The reply should be an exact repeat of the listing, with no pictures in it.

> **AVAILABLE DATA**:
=== Begin Enclosure ===
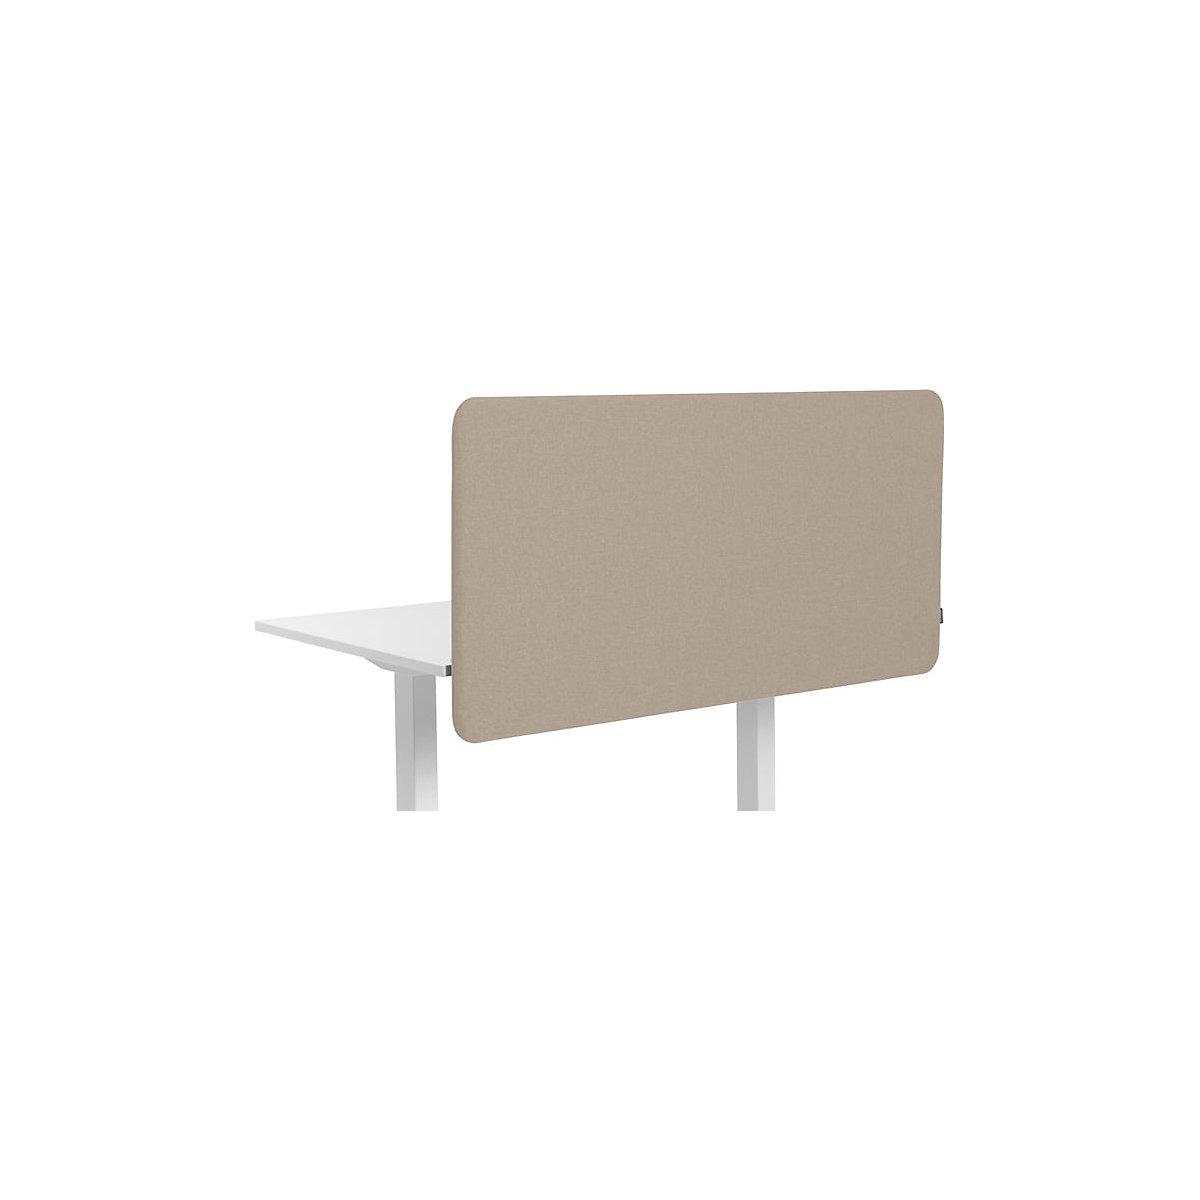 Softline Salsa acoustic desk partition, suspended downwards, HxW 650 x 1200 mm, fabric, beige-5
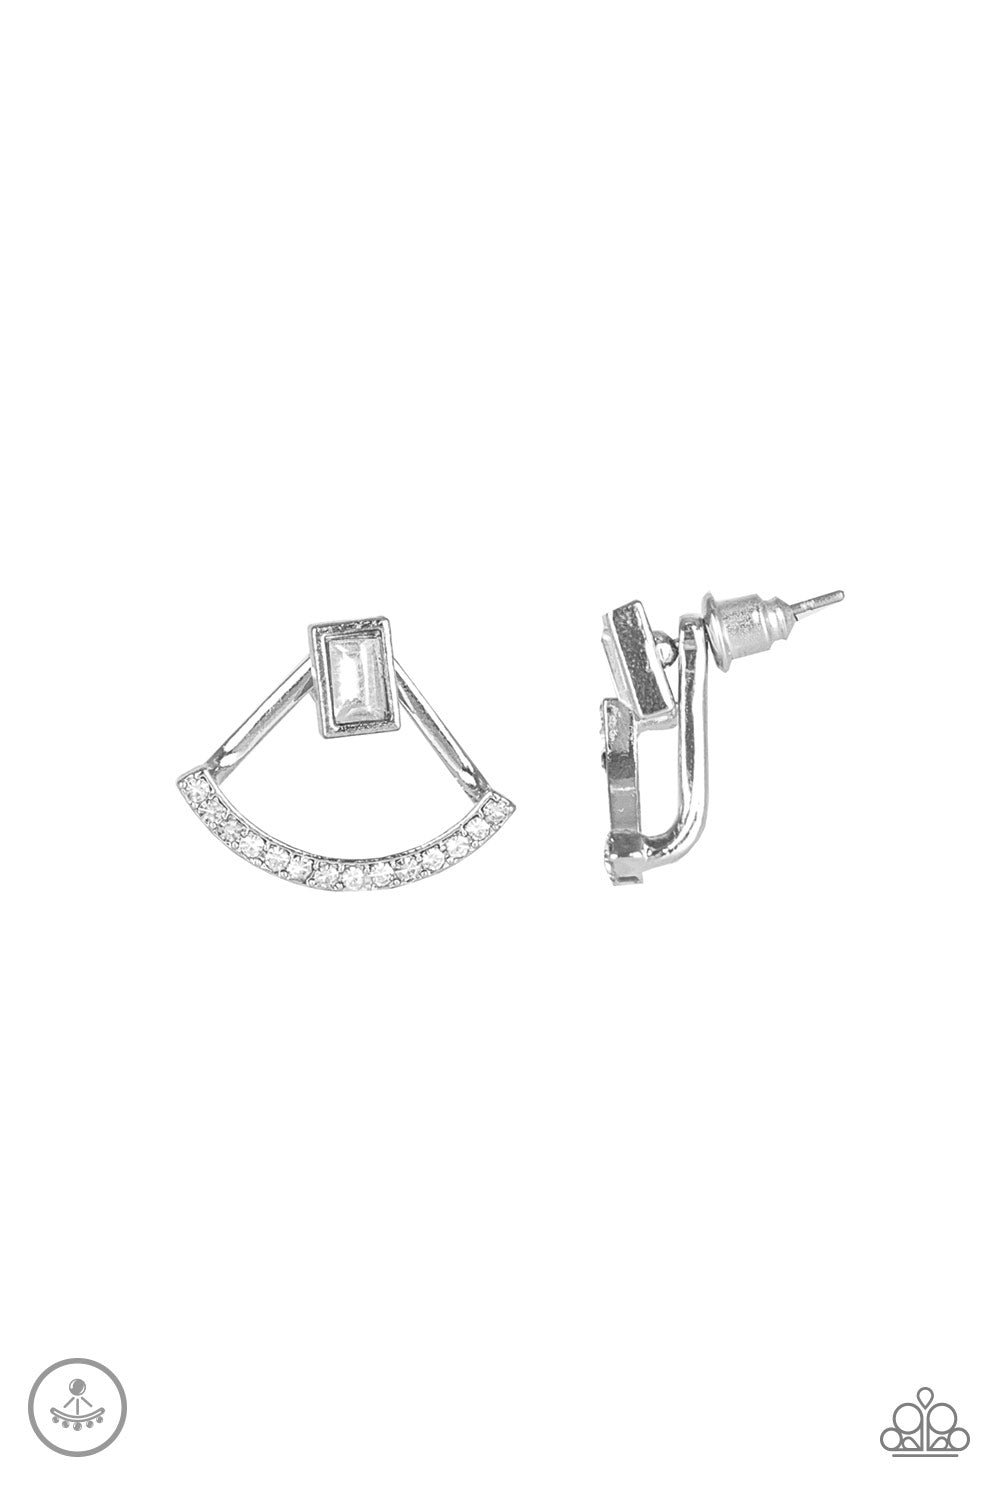 Delicate Arches - White Rhinestone Earrings
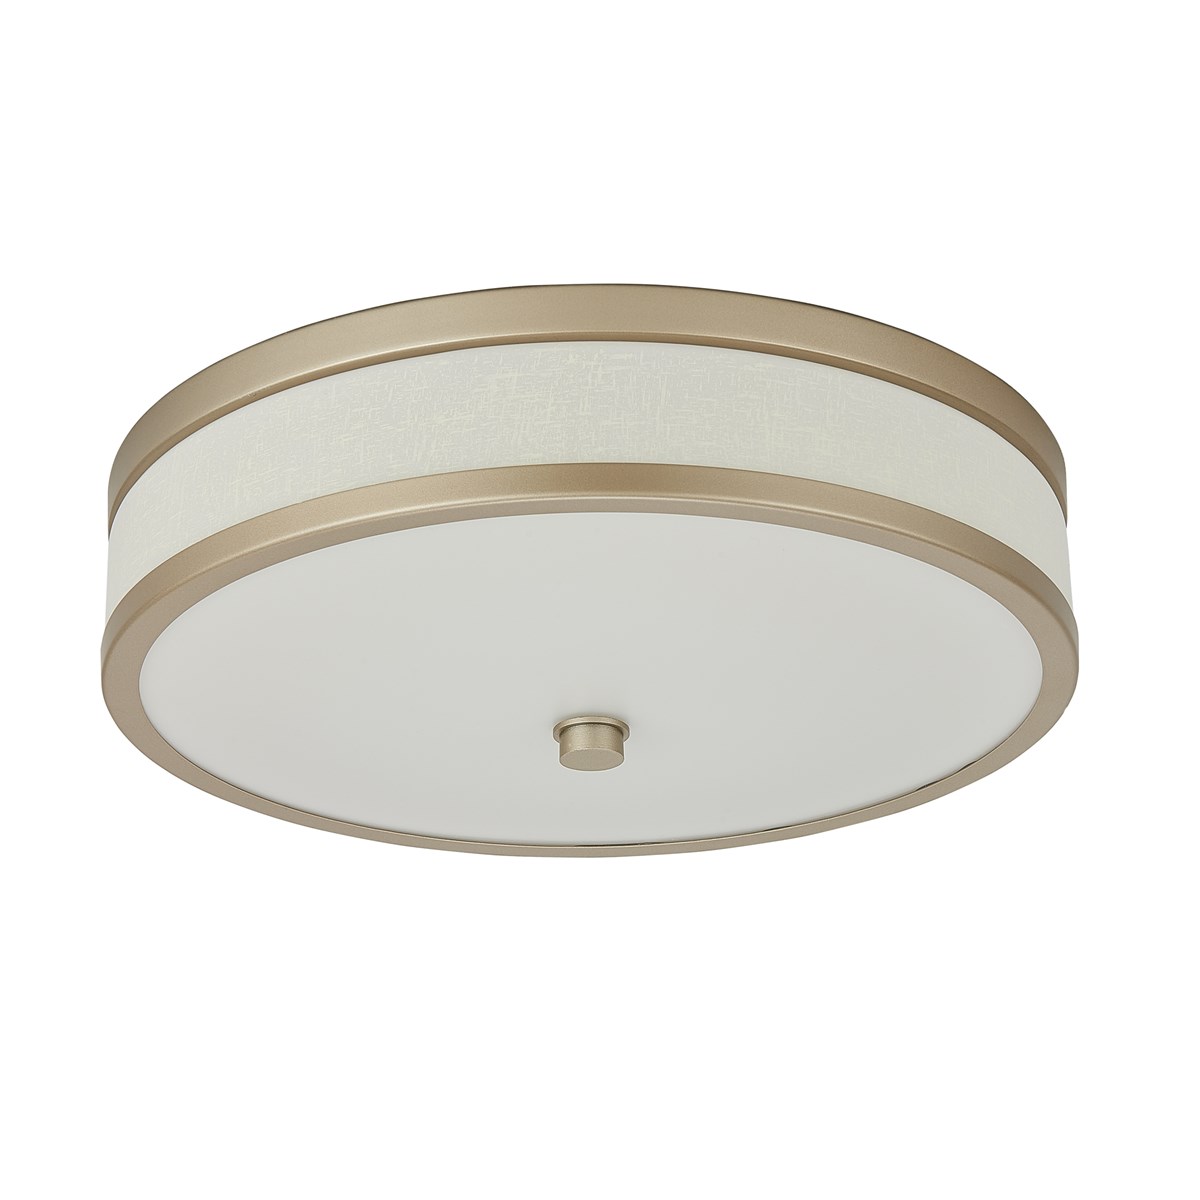 LED flush mount ceiling light fixture modern light fixtureceiling lamp for hallwaykitchen bedroom bathroom ETL li
=== End Enclosure ===
> **RESPONSE BELOW**:
 Softline Salsa acoustic desk partition, suspended downwards, HxW 650 x 1200 mm, fabric, beige-5
 Delicate Arches - White Rhinestone Earrings
 LED flush mount ceiling light fixture modern light fixtureceiling lamp for hallwaykitchen bedroom bathroom ETL li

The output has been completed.